The “FILE SYSTEM SUMMARY” at the top of the page should display the root partition on the RAID 1 drive for and a boot/efi partition (the two drives will only show up as a single entry). On DGX-1 with the hardware RAID controller, it will show the root partition on sda.
Select Done and accept all changes.
Follow the instructions for the remaining tasks.
Create a default user in the Profile setup dialog and choose any additional SNAP package you want to install in the Featured Server Snaps screen.
Wait for the installation to complete.
Log messages are presented while the installation is running.
Select Reboot Now when the installation is complete to restart the system.
After reboot, you can log in using the username and password for the user you have created above.

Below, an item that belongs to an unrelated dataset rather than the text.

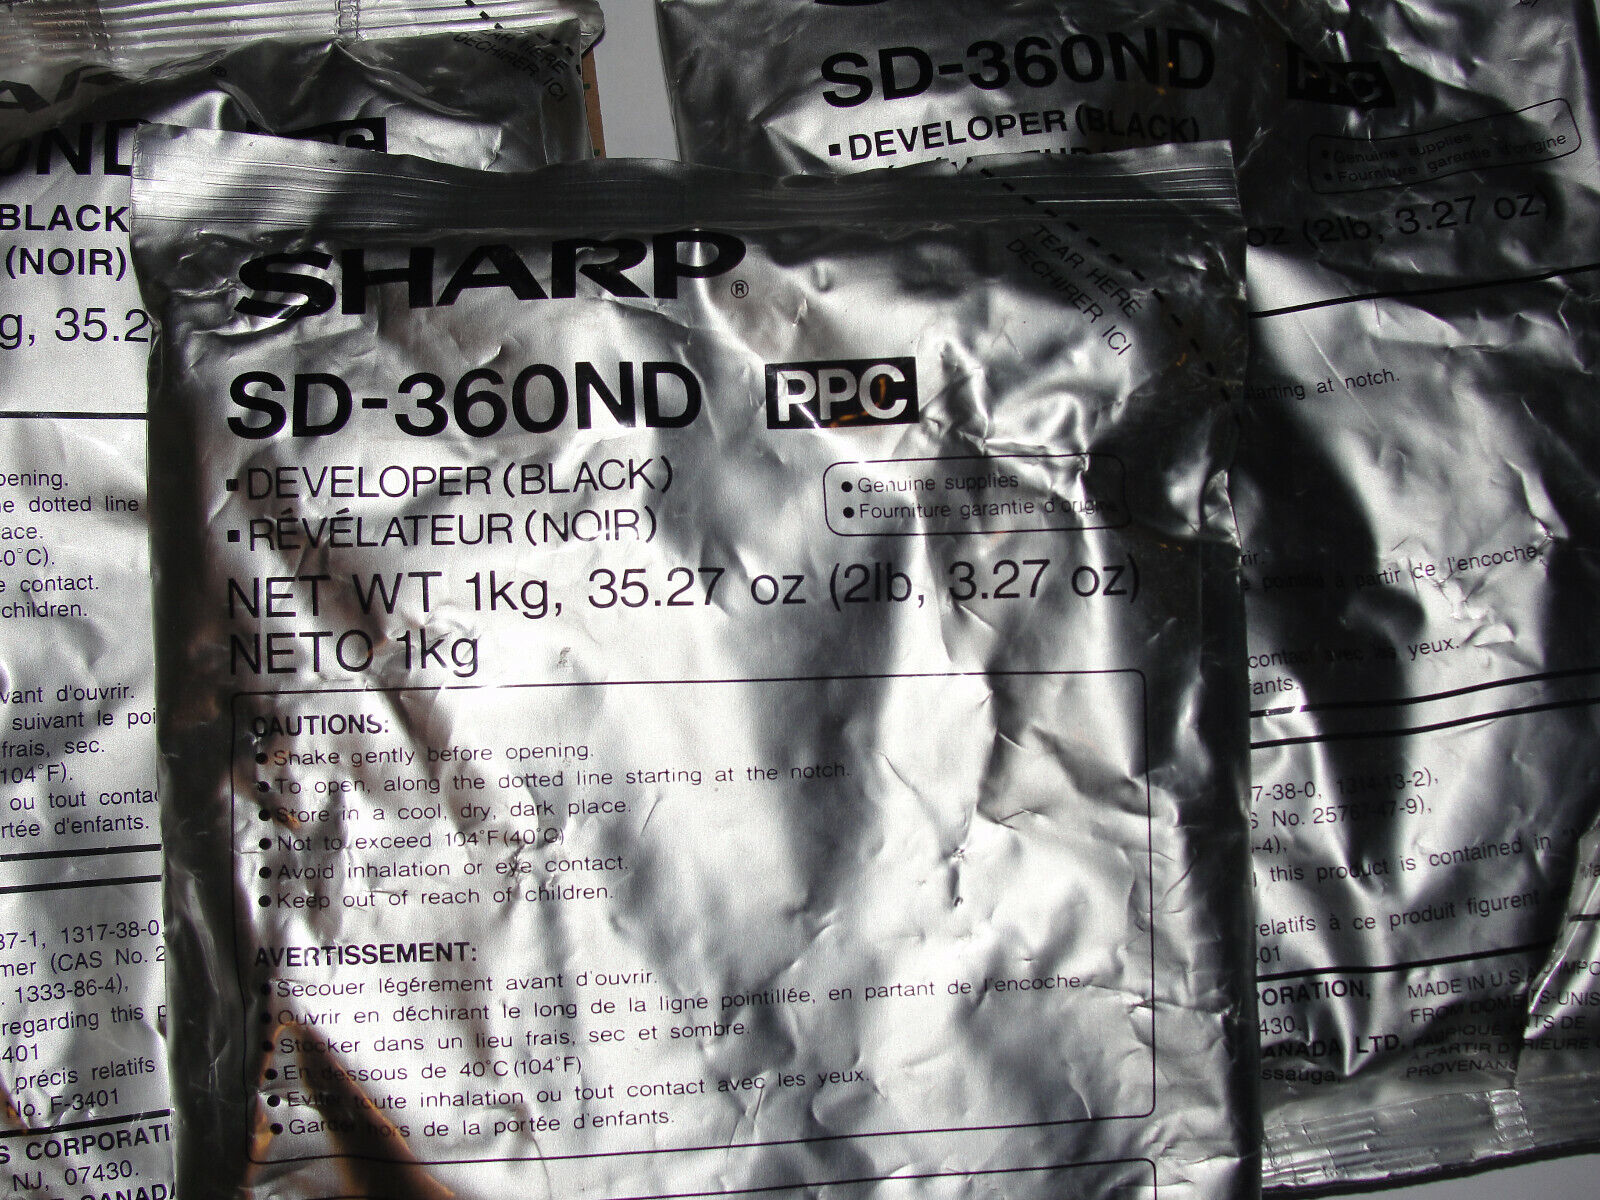 LOT OF 3 SHARP Sharp Model SF-360MD1 Copier Developer SD-360ND NEW! Sharp SD-360ND - фотография #4

When using LVM, Ubuntu’s default partitioning scheme, DGX-2 users may run into https://bugs.launchpad.net/ubuntu/+source/lvm2/+bug/1834250. The “/dev/sda: open failed: No medium found” messages are harmless, and can be avoided by updating /etc/lvm/lvm.conf with the following filter: “global_filter = ["r|/dev/sda|"]":
Installing the DGX Software Stack#
This section requires that you have already installed Ubuntu on the DGX and rebooted the system.
Attention
By installing the DGX Software Stack you are confirming that you have read and agree to be bound by the DGX Software License Agreement. You are also confirming that you understand that any pre-release software and materials available that you elect to install in a DGX may not be fully functional, may contain errors or design flaws, and may have reduced or different security, privacy, availability, and reliability standards relative to commercial versions of NVIDIA software and materials, and that you use pre-release versions at your risk.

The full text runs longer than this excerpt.